アルベルトはグレイシアの側に歩み寄ると、「がんばったね」と柔らかな声で言葉をかけ、ミレアに顔を向けると「ありがとう」と微笑んだ。
(すごい……王子様だわ)
そのキラキラした笑顔に、私の出番はここで終わりねとミレアはユーリオと一緒に少し離れたところで事態を見守ることにする。
「おい、アルベルト……どういう意味だよ」
棘のある不機嫌な声で、フーリスがアルベルトを嫌っているようなのが垣間見える。
「どういうって、そのままだよ。兄が使えなかったら弟に……僕が王太子になるからね」
対するアルベルトはにこやな笑顔を崩さないが、発した内容にその場にいる全員が息を飲んだ。
「なっ、何を言ってんだよ。勝手なことを言ってると、父上たちからお叱りを受けるぞ」
「兄さんじゃないんだから……。もう陛下と大臣たちの審議も終わって正式に決定したし、今頃国中に触れが出てるんじゃないかな。卒業まで待ってあげたのは、僕の優しさだよ? 学園を卒業したら立派な大人。だから兄さんは、愛する人と自由に生きればいい。廃嫡にすると母上が悲しむから、どこか心がやすらぐ長閑なところの領主で許してあげる。その子と一緒に、そこで暮らせばいい」
まるで幼子に寝物語を聞かせるように、優しく穏やかな口調でアルベルトは話していた。それが笑顔と相まって、恐ろしさを感じさせる。するとそこに、金切り声が割って入った。

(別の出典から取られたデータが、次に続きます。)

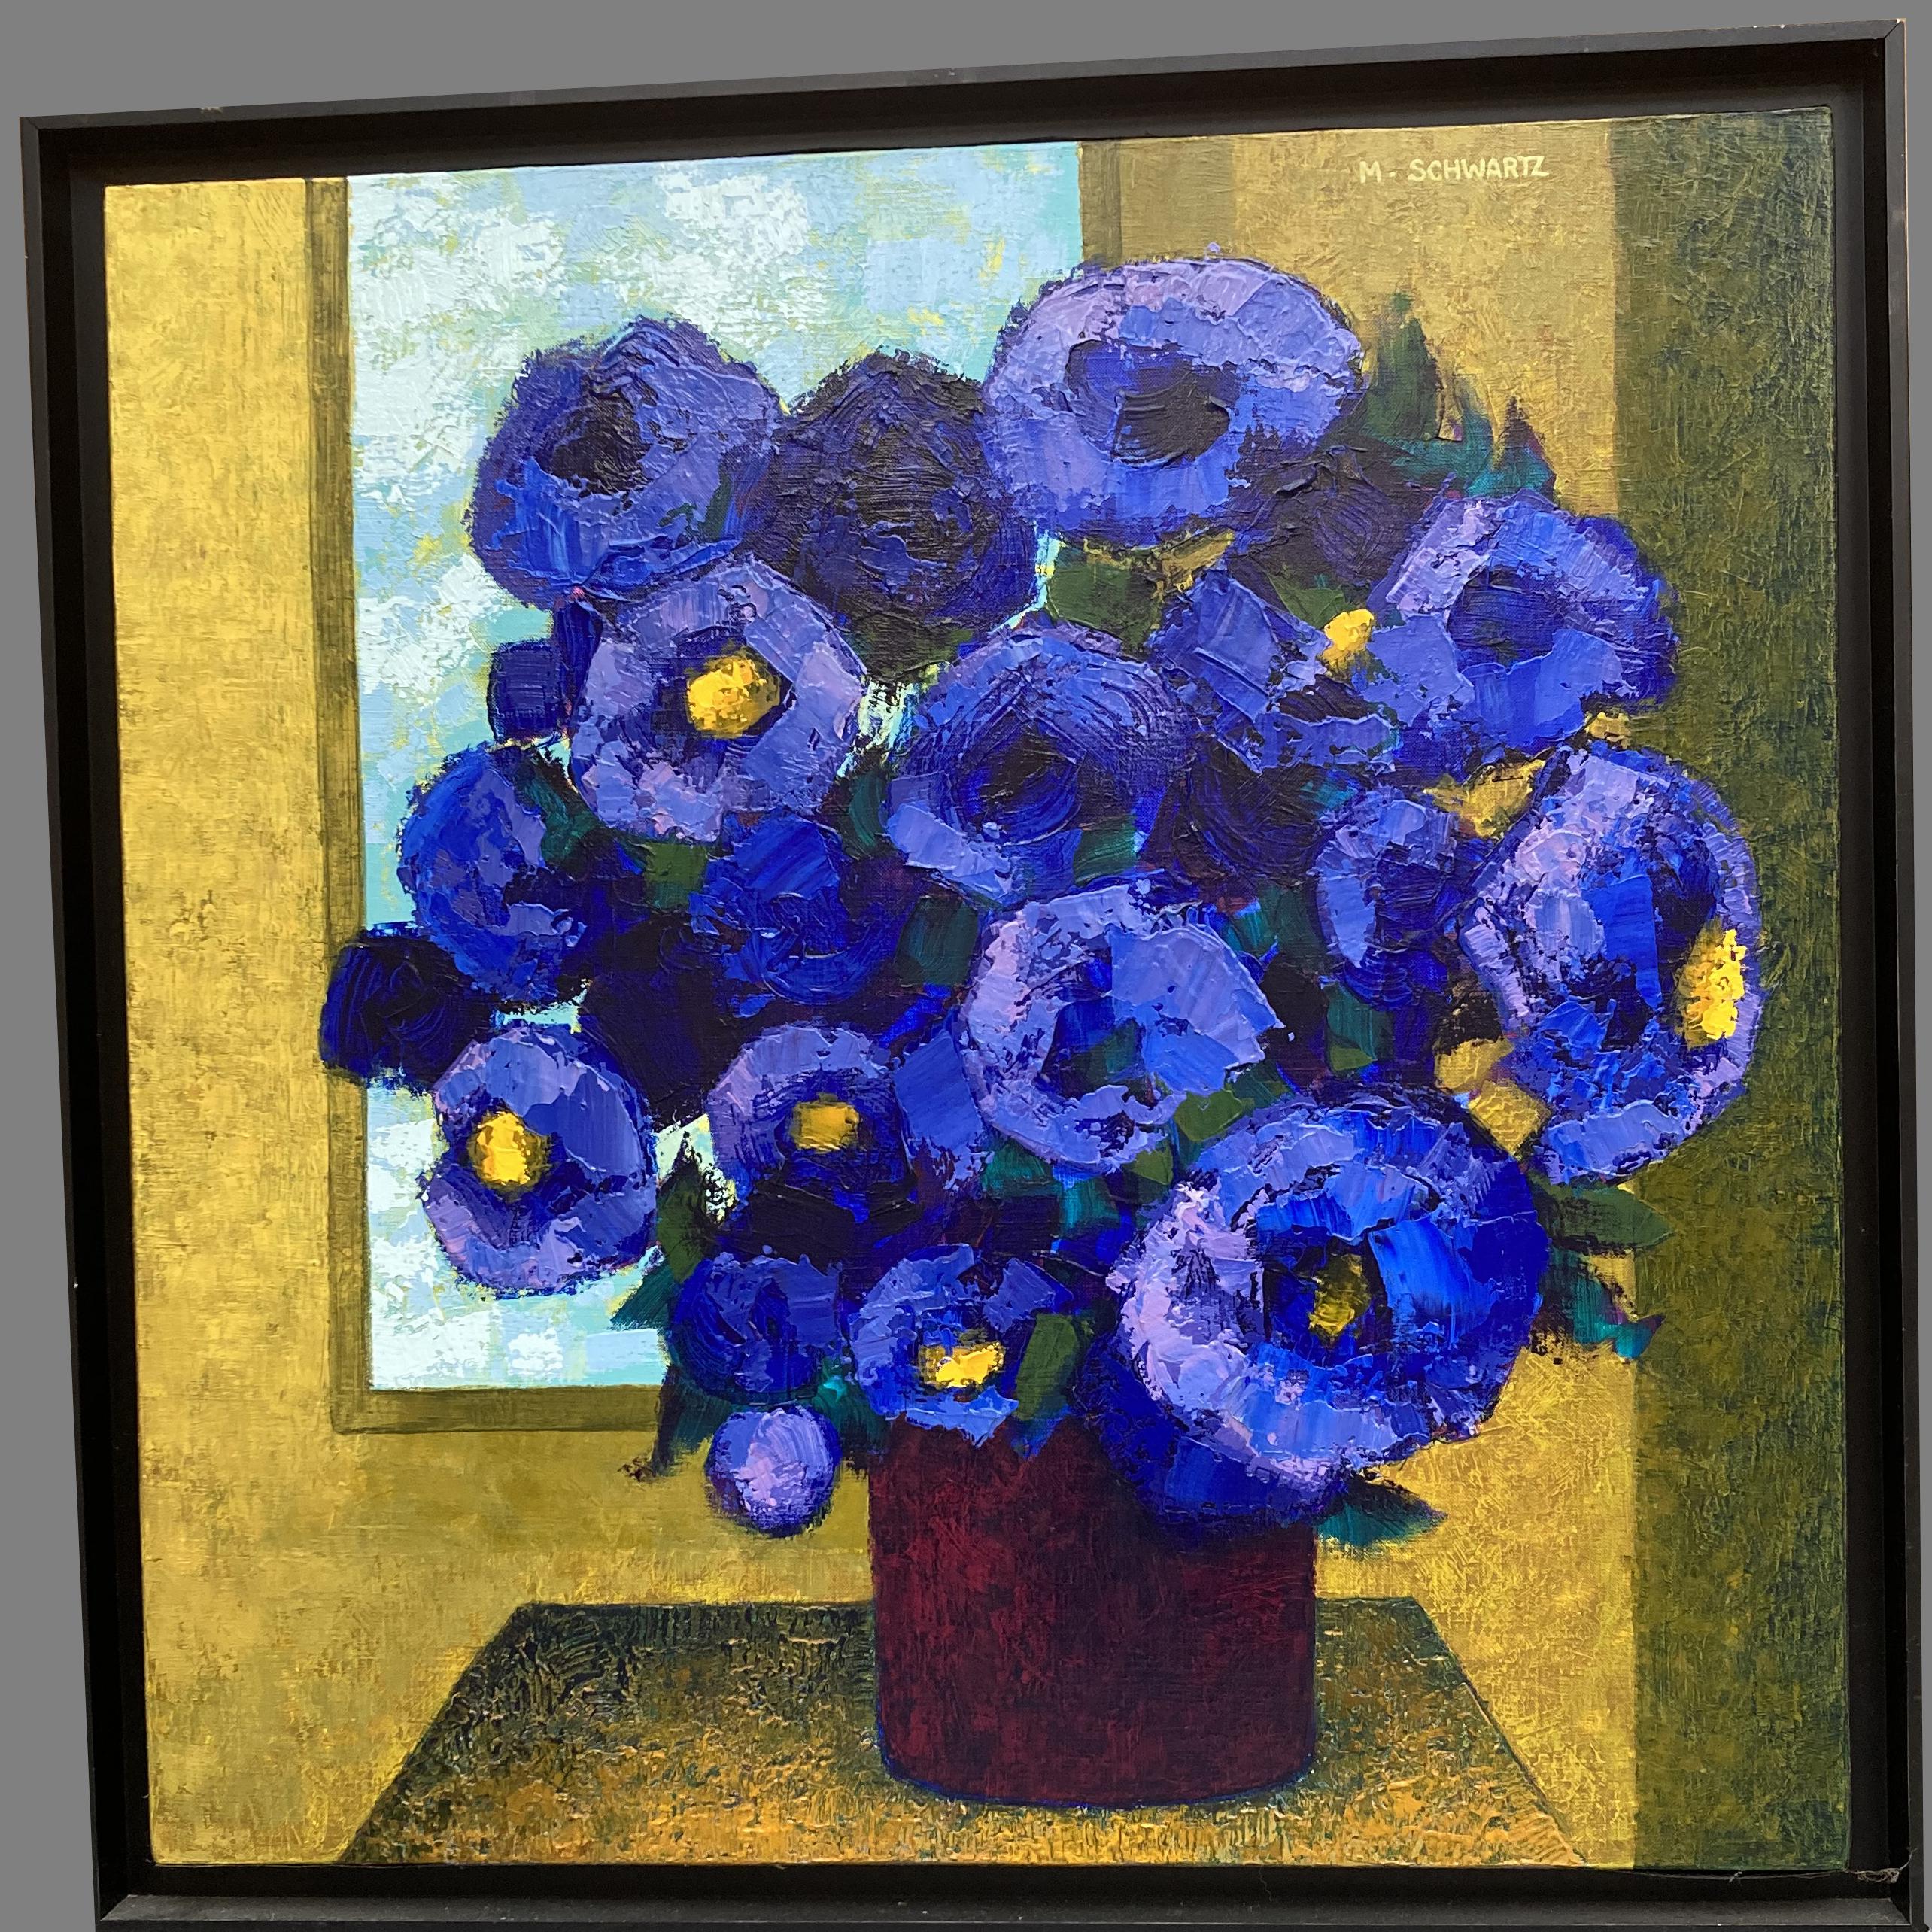 SCHWARTZ Michel (Audincourt, 1938 - Luxeuil-les-Bains, 2020). Vase de fleurs. Huile sur toile.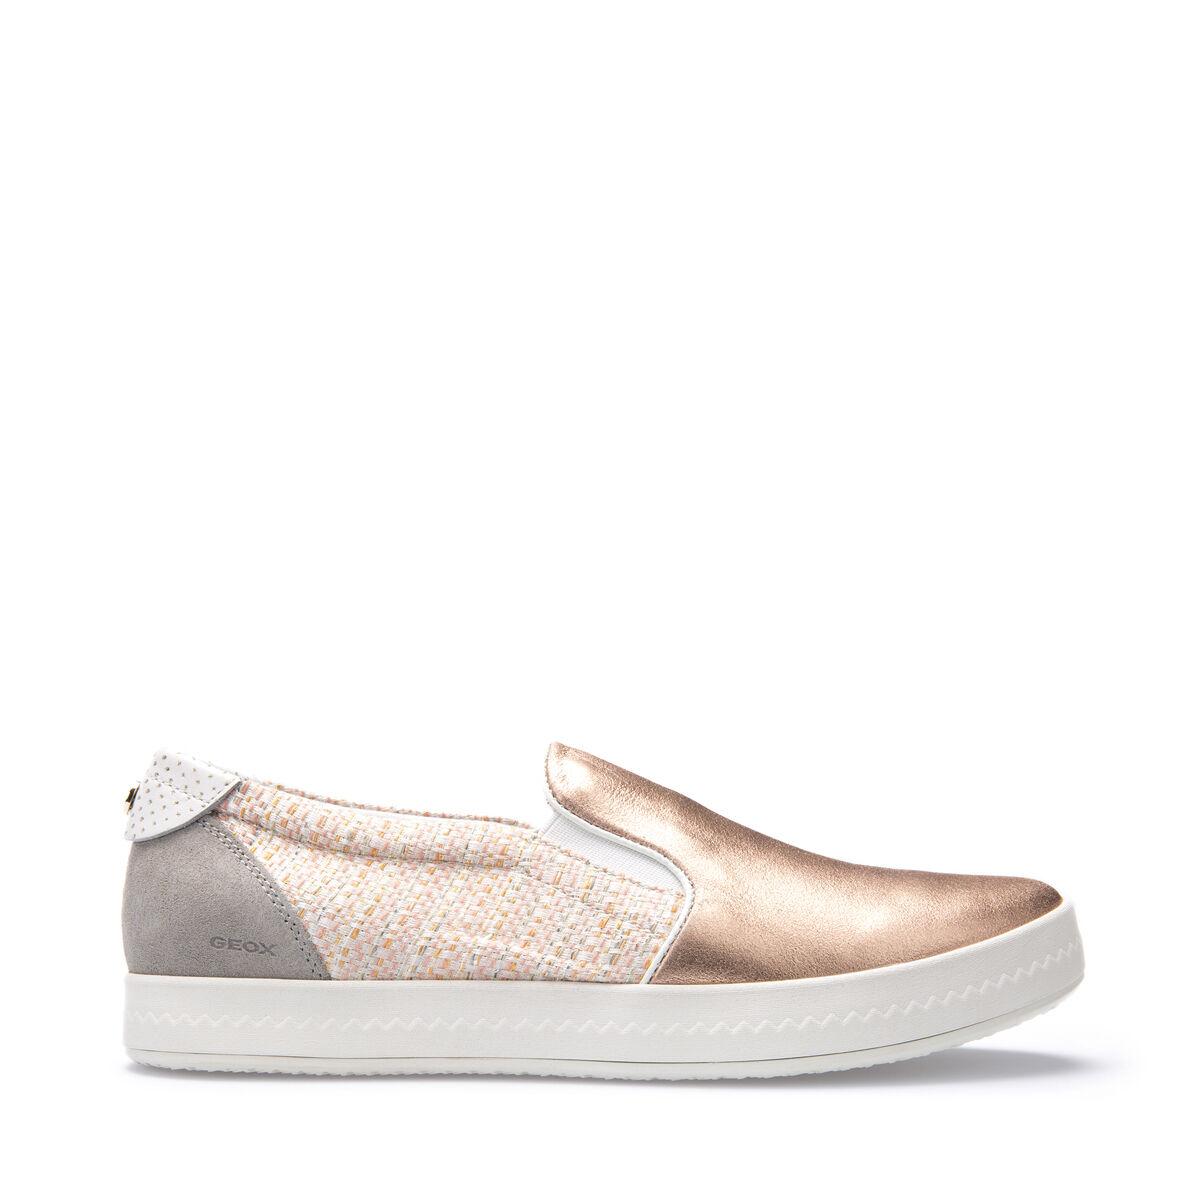 GEOX zapatos mujer zapatillas SLIP-ON IN PELLE PELLE PELLE E TELA rosadooro LINEA MODESTY D4429C  promociones de descuento

「嫌よ! なんで私がそんなド田舎で暮らさなきゃいけないの!? ねぇ、フーリス様、嘘よね!? フーリス様は王太子で、私を王妃にしてくれるんでしょ!?」
エヴィリーはフーリスの腕を掴んで揺さぶっており、その顔は必死だった。グレイシアが「しょせん、地位が目的の低俗な女ね」と小さく吐き捨てる。
「も、もちろんだよ、エヴィリー。アルベルトが嘘をついているだけだ!」
エヴィリーが喚きたて、それをフーリスが宥めているところに、またどこからかグレイシアの従者が近づいて来た。すっと一枚の書状を渡し、踵を返してもう一枚をグレイシアに手渡す。
「なっ、なんだこれは!」
「あら、さすがアル、仕事が速いわね。王家の名の下に、王太子をアルベルトに変えると書いてあるわ」
愕然とするフーリスに対し、満足そうに余裕のある笑みを浮かべるグレイシア。誰の目にも真実が明らかであり、非難、不審、軽蔑の目がフーリスたちに注がれる。その圧に、さすがのフーリスもたじろぎ、無意識に一歩引き下がった。それと同時に、エヴィリーはパッと掴んでいた腕を離し、汚らわしいものを見るような目でフーリスを睨んだ。
「わ、私は関係ないわ! ちょっと声をかけたら、王子が本気になってやったことなんだから!」
「は!? エヴィリー、何言ってんだよ! お前、俺のことを一番愛してるって言ってただろ!?」
「そんなの本気にするほうが悪いのよ。さよなら、領主になるなら一人で行ってよね!」
素晴らしい手のひら返しに、ミレアとユーリオはあんぐり口を開ける。彼女も悪役と言えば悪役だが、品性がなく意思も弱いので二人の好みとは対極に位置する雑魚悪役だ。
「おい、エヴィリー!」
フーリスが伸ばした手をすり抜け、エヴィリーは広間から走って出ていった。騒然とする中、アルベルトが笑みを張り付けたまま呟く。
「グレイを苦しめておいて、逃げられると思ってんの?」
その呟きは彼の近くにいた四人だけが聞こえており、フーリスは青白い顔で絶望し、グレイシアは「当然ね」と優雅に微笑んでいる。そしてミレアとユーリオは、アルベルト様おっかないと少し引いていた。
広間は蜂の巣をつついたような騒ぎになっていて、それをゆっくりと見回したアルベルトはパンと手を打ち鳴らした。それだけで波が引くようにざわめきが無くなっていき、人々の注目がアルベルトへ集まる。